Di Indonesia, beberapa peneliti memperkirakan bahwa peningkatan kasus alergi mencapai 30 persen per tahunnya. Menurut pakar alergi-imunologi anak, DR Dr Zakiudin Munasir SpA(K), alergi dipengaruhi faktor genetik. Karena itu, pencegahan alergi perlu dilakukan sedini mungkin.

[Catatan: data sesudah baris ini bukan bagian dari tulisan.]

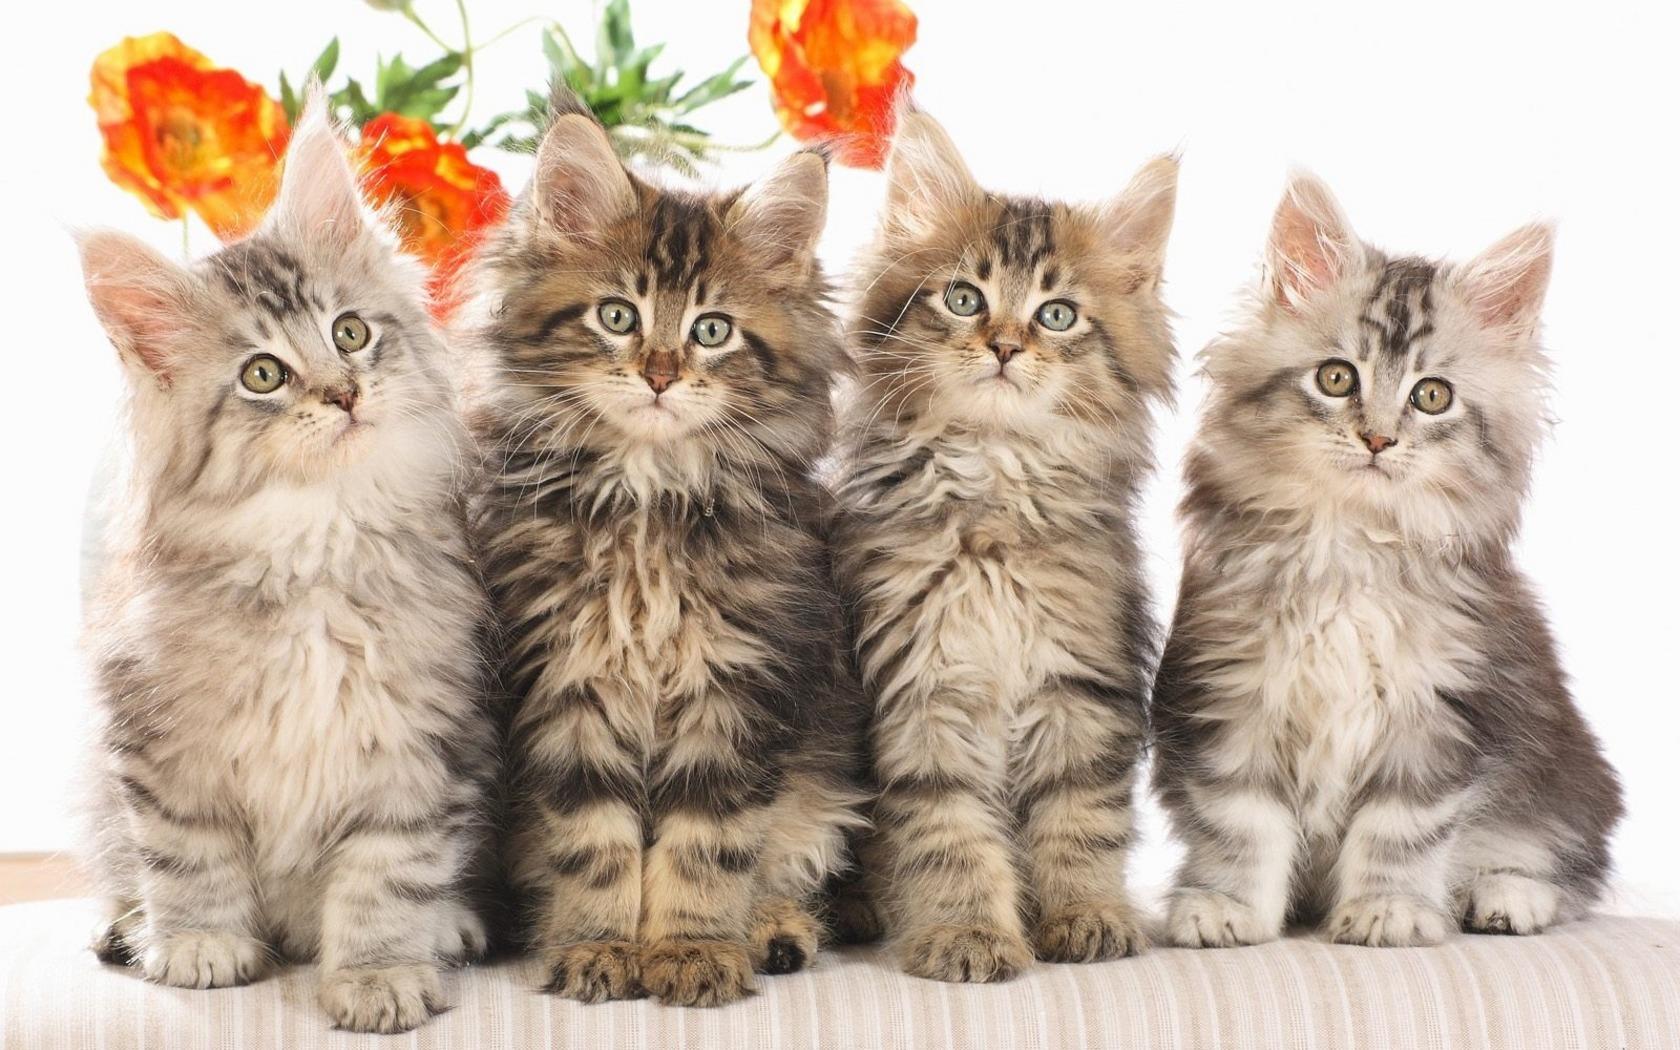 Кошки 1680 x 1050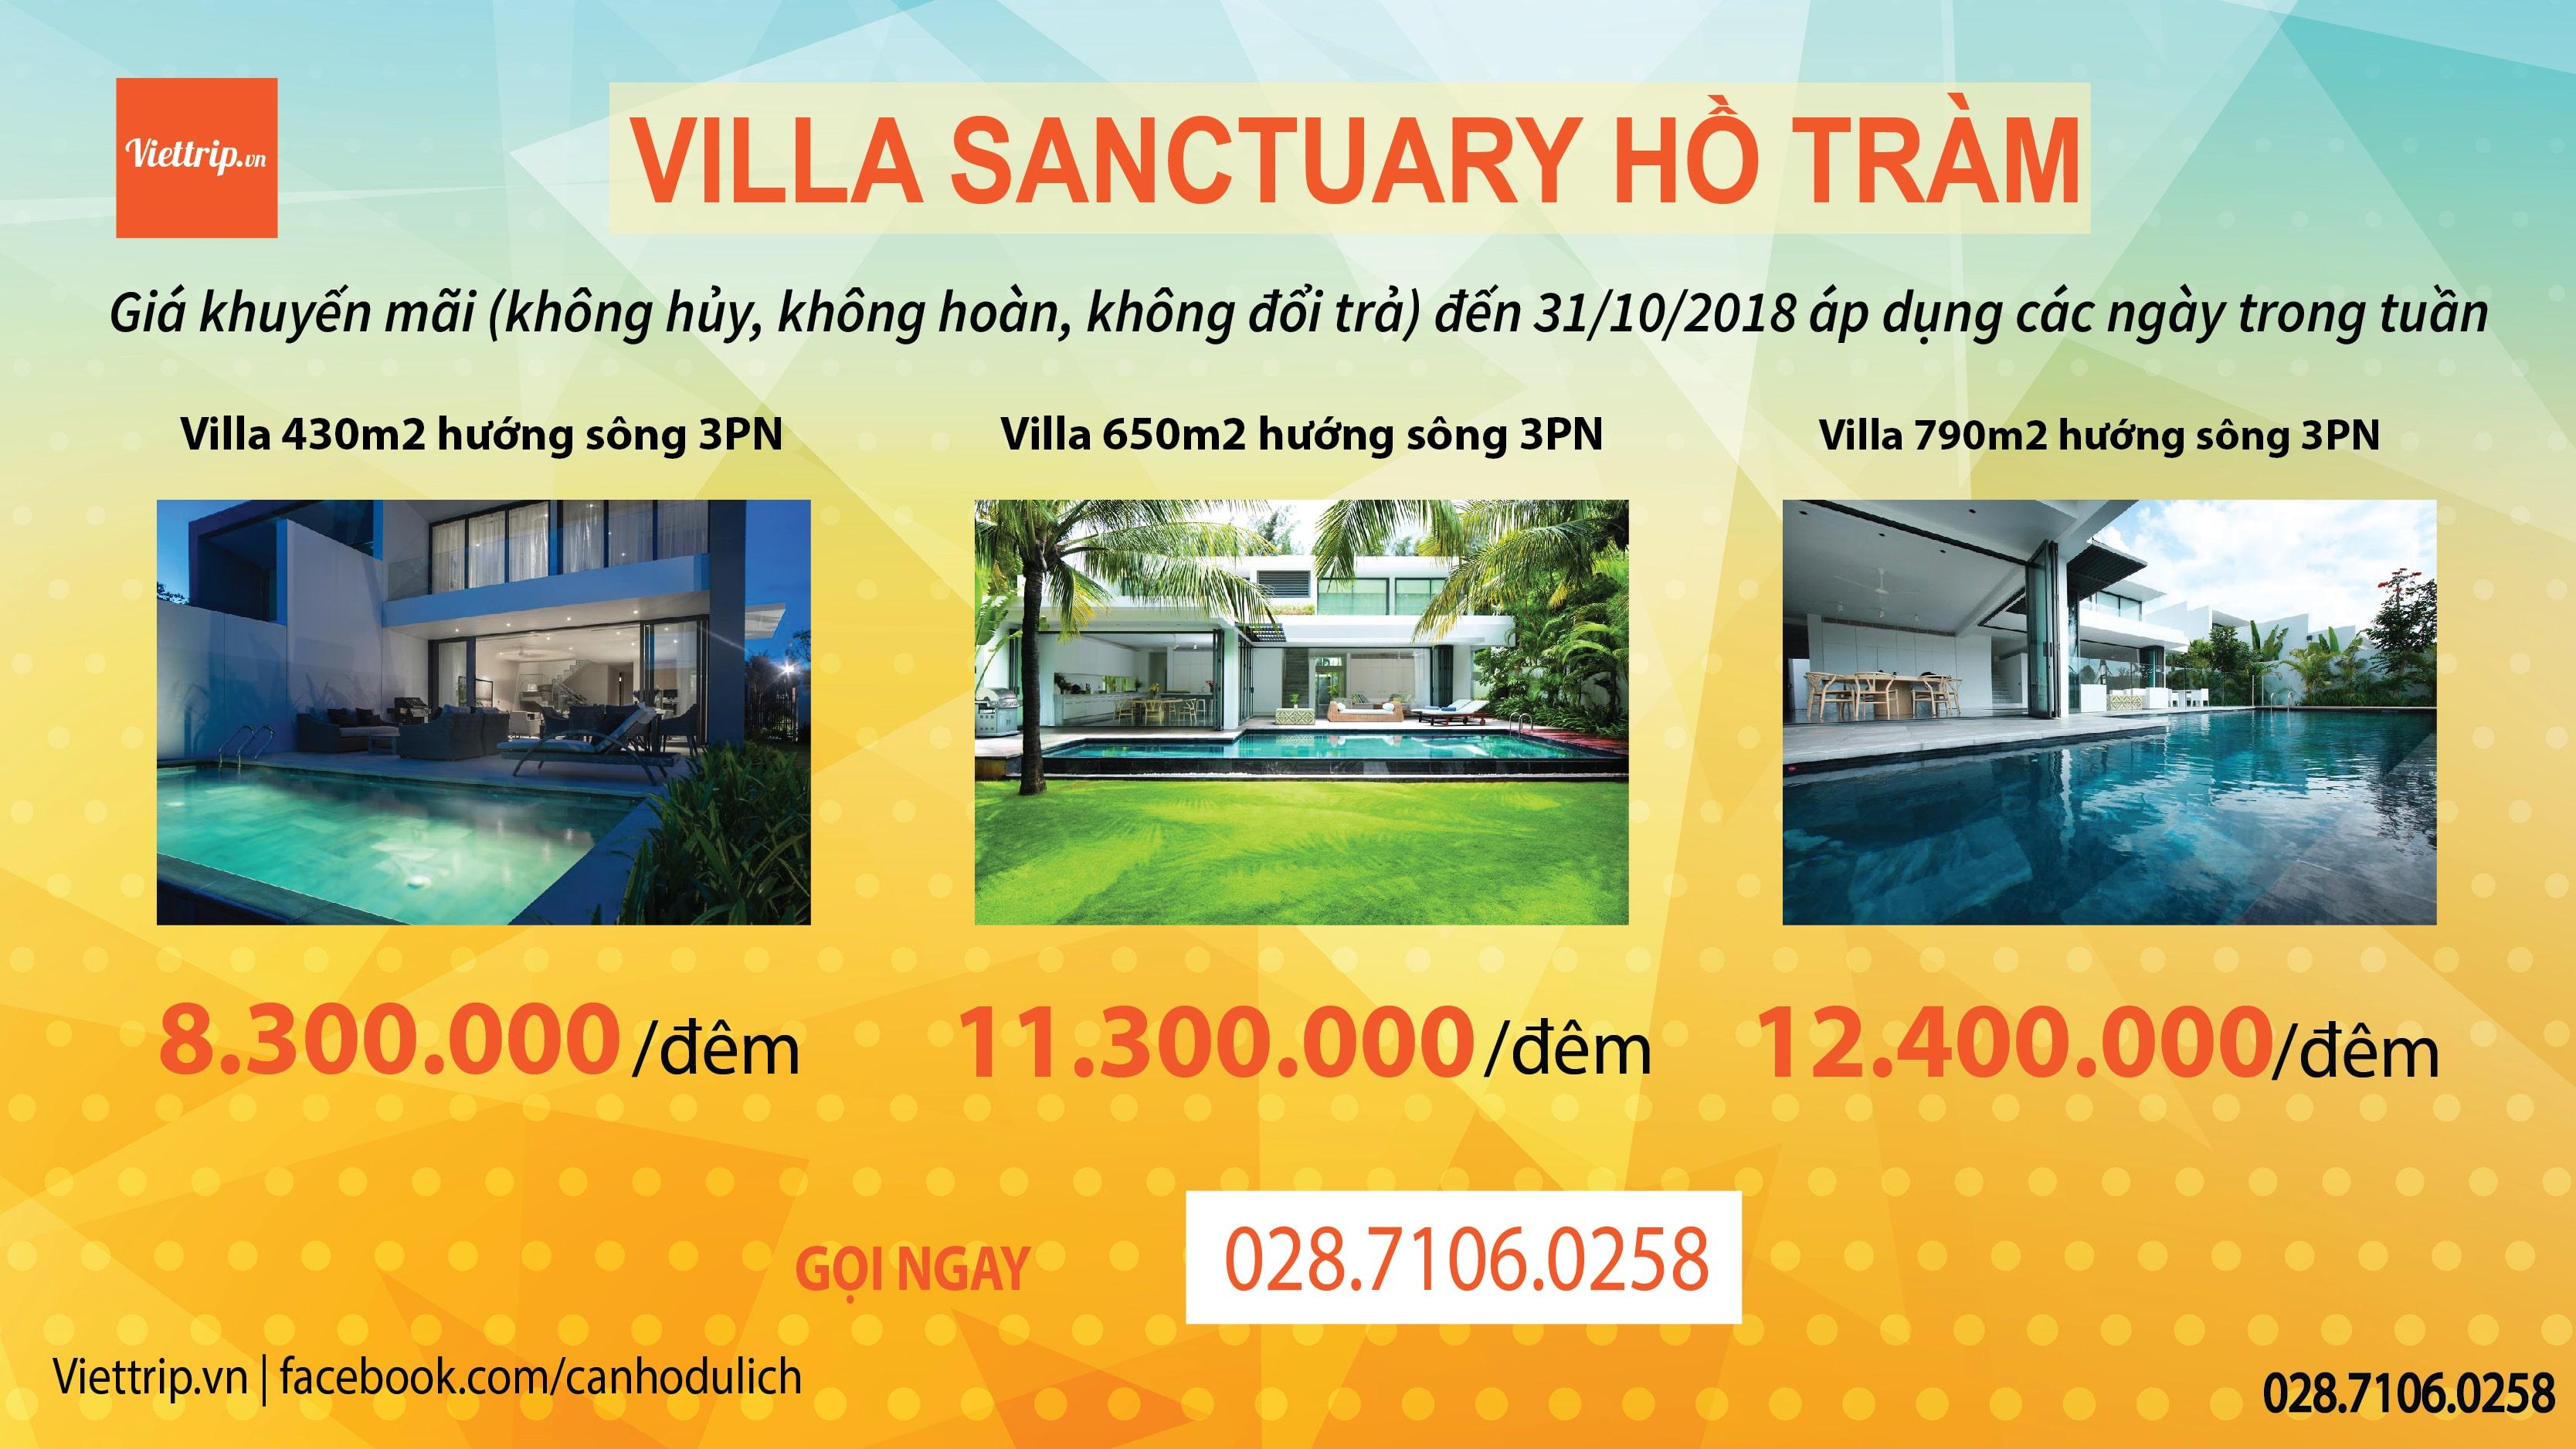 https://s3-ap-southeast-1.amazonaws.com/viettrip/Products/3a92708a-188c-4e82-a078-610e5d0f421b/100007_10092018_banner-santuary-villa-01-min.jpg

"Pencegahan alergi sedini mungkin sangat dianjurkan guna mengurangi dampak yang ditimbulkan pada kehidupan anak di kemudian hari. Gejala alergi yang dapat menyebabkan gangguan pada hidung, tenggorokan, telinga, mata, saluran pernapasan, pencernaan hinga kulit ini dapat mempengaruhi kesehatan dan kenyamanan anak dalam beraktifitas sehari-hari," katanya, Rabu (22/2).
Dampak alergi disebut Zakiudin dapat mempengaruhi kualitas hidup anak seperti terbatasnya aktivitas belajar, bermain, sulit kosentrasi hingga sulit tidur. Sedangkan indikator paling tepat untuk deteksi dini alergi adalah melalui riwayat keluarga, karena alergi bersifat genetik. Menurut Zakiudin, pada orang tua yang tidak memiliki riwayat alergi, bayi tetap memiliki risiko alergi sebesar 5-15 persen.